C’est pourtant un fait dont on colporte la rumeur, un malaise qui se répand afin d’évoquer cette sensation de vide qui succède à une plongée dans ces « stories » – car le concept « d’histoire » serait aussi « has been » que l’expression « has been ». L’aérophagie pour impression, comme d’avoir croqué dans un bonbon creux, aussitôt disparu de la langue et des souvenirs. Si l’investissement sur smartphone ne se mesure pas en deniers, il se paye au centuple en temps passé, jusqu’à créer de sérieux déficits de sommeil, jusqu’à rogner sur les interactions sociales bien réelles. L’Institut National du Sommeil et de la Vigilance publiait à ce titre les résultats d’une enquête en 2020, établissant qu’environ 45 % des adultes consultaient leurs appareils dans leur lit. Et les plus perspicaces d’entre vous verront que la transition d’une vidéo à l’autre sur ces plateformes évoque le mouvement des rouleaux des machines à sous, où s’afficheront, avec un peu de chance, les trois « lucky seven ». Après tout, ces rouleaux s’appellent « reels » en anglais – mot judicieusement choisi par Instagram pour sa variante de la vidéo courte. 

Un mot qui peut se changer en verbe par ailleurs, et désigne alors l’action de… ferrer un poisson. Carton rouge.

Nourrir les algorithmes

Cinquante pommes font une cagette, cent vidéos TikTok ne font pas un film, mille deux-cents posts ne font pas un livre.

Facebook, Instagram, LinkedIn – dans les nouveaux environnements de lecture comme ailleurs, satisfaire aux exigences des algorithmes semble demeurer crucial pour se constituer un public. Et puisqu’il s’agit d’un paradigme où tout est question de chiffres, les experts de l’attention eurent tôt fait de proposer cette formule pour adapter aux lettres : « si vous avez suffisamment de matière pour composer un livre, pourquoi ne pas la subdiviser en une myriade de posts afin d’alimenter votre compte ? » Un calcul irréprochable dans la théorie, puisqu’il peut transformer une somme de trois-cents pages en trois-cents sommes d’une page, en six-cents sommes d’une demi-page – en mille-deux-cents sommes d’un post. Le dieu algorithme en est repu. 

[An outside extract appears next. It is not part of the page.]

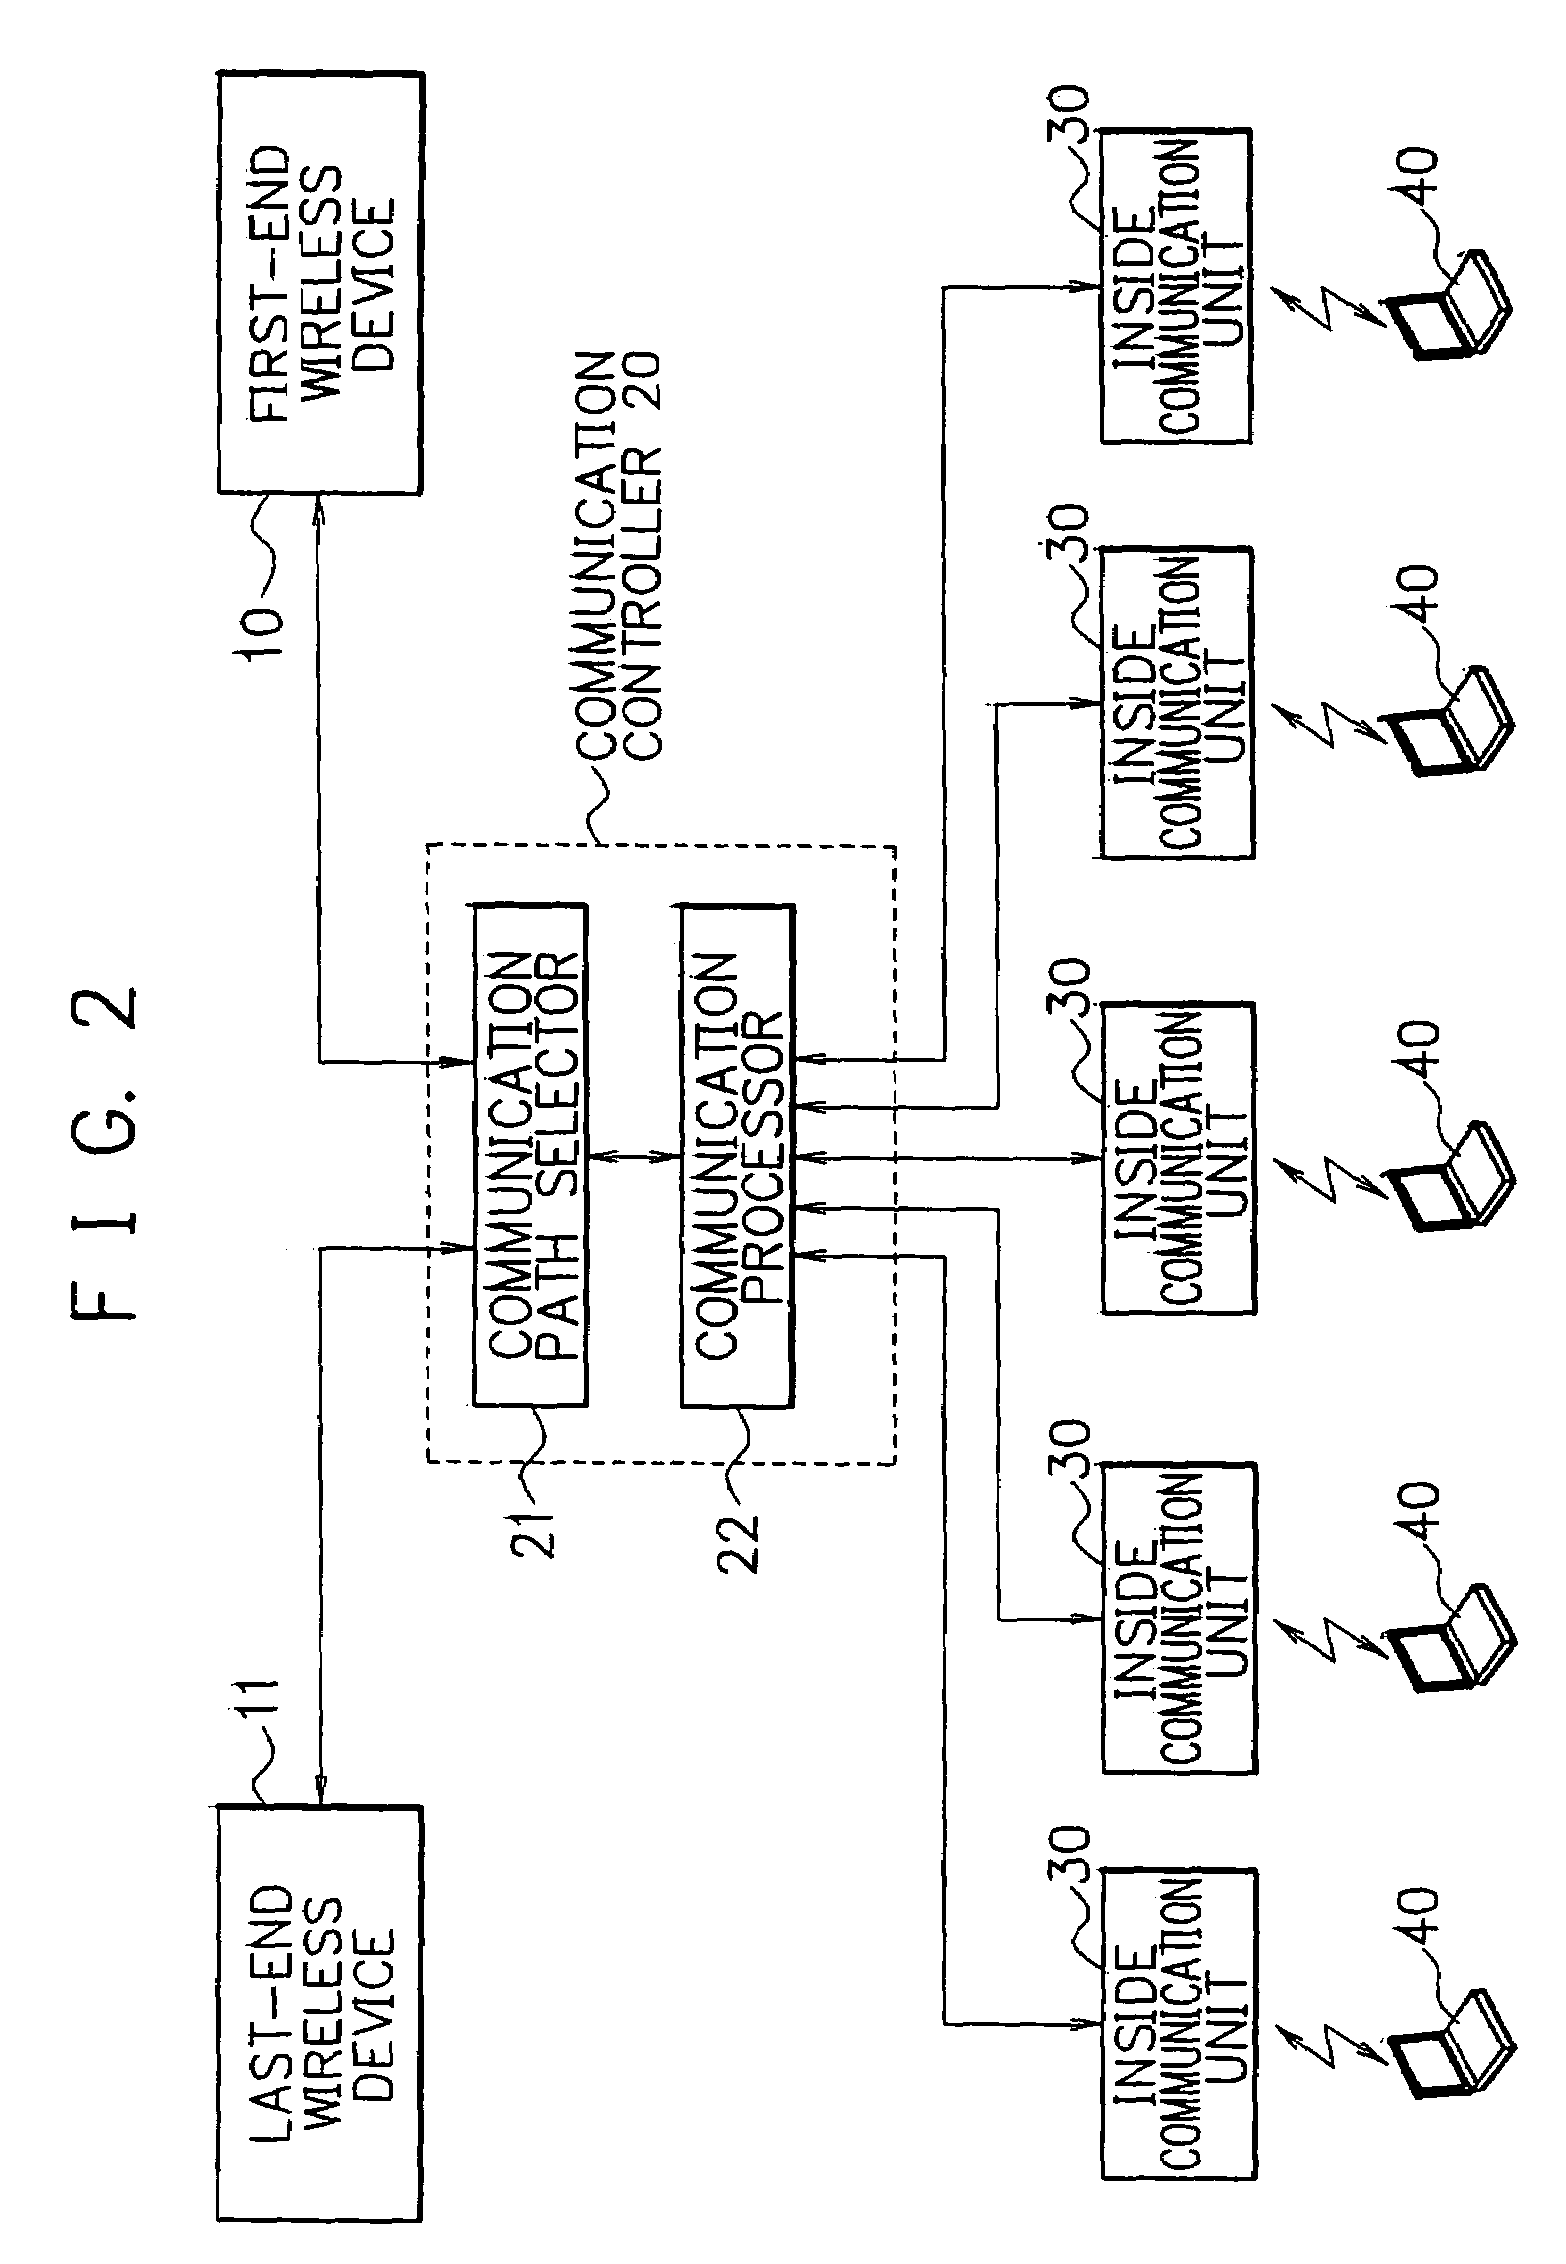 Handoff method for a communication system of a train

Au pays de Descartes, les manuels de mathématiques nous enseignent que cinquante pommes font une cagette ; ils omettent peut-être de nous dire que cent vidéos TikTok ne font pas un film, que mille-deux-cents posts ne font pas un livre, et qu’on ne peut pas changer une baleine en dix-mille poissons rouges. Surtout, ce calcul part du principe qu’un coureur du cent mètres peut accomplir un marathon en enchaînant quatre-cent-quarante-deux sprints.

Plus personne ne lit

Existe-t-il une formule magique ? Il est possible qu’elle existe, et qu’il ne faille surtout pas s’en servir.

 Lorsqu’on en vient à la nécessité de construire un propos, il arrive un point où toutes les formules choc, tous les sauts de ligne, tous les emoji, toutes les combines et toutes les astuces de conditionnement psychologique se heurtent au style, au fond, à l’argumentation. « Plus personne ne lit, de toute façon ! », clame-t-on, mais ces cris d’orfraie ne sont-ils pas tout bonnement la conséquence de l’offre, en vrai ? Si chaque contenu ne devient plus qu’un rouage d’un dispositif publicitaire, si chaque phrase est scientifiquement calibrée pour conduire à la vente, si le texte n’est toujours qu’un prétexte pour renvoyer à une newsletter, qui renvoie à un livre blanc lacunaire, qui renvoie à une offre payante, il paraît inévitable que le lecteur développe des parades. 

« Plus personne ne lit », ou arguons plutôt qu’on ne peut plus rien lire. Entre les pop-ups de cookies à fermer dès que l’on ouvre un article, le remplissage de texte pour contenter le SEO qu’on apprend à ignorer, et les ficelles de manipulation sur lesquelles l’œil apprend à glisser, ce qui devait être un moment agréable tourne rapidement à la frustration.

Et l’on se demande si le problème du poisson rouge n’est pas celui de la poule et de l’œuf. Si les techniques visant à capitaliser sur ce temps d’attention en chute libre ne feraient pas qu’amplifier le phénomène. 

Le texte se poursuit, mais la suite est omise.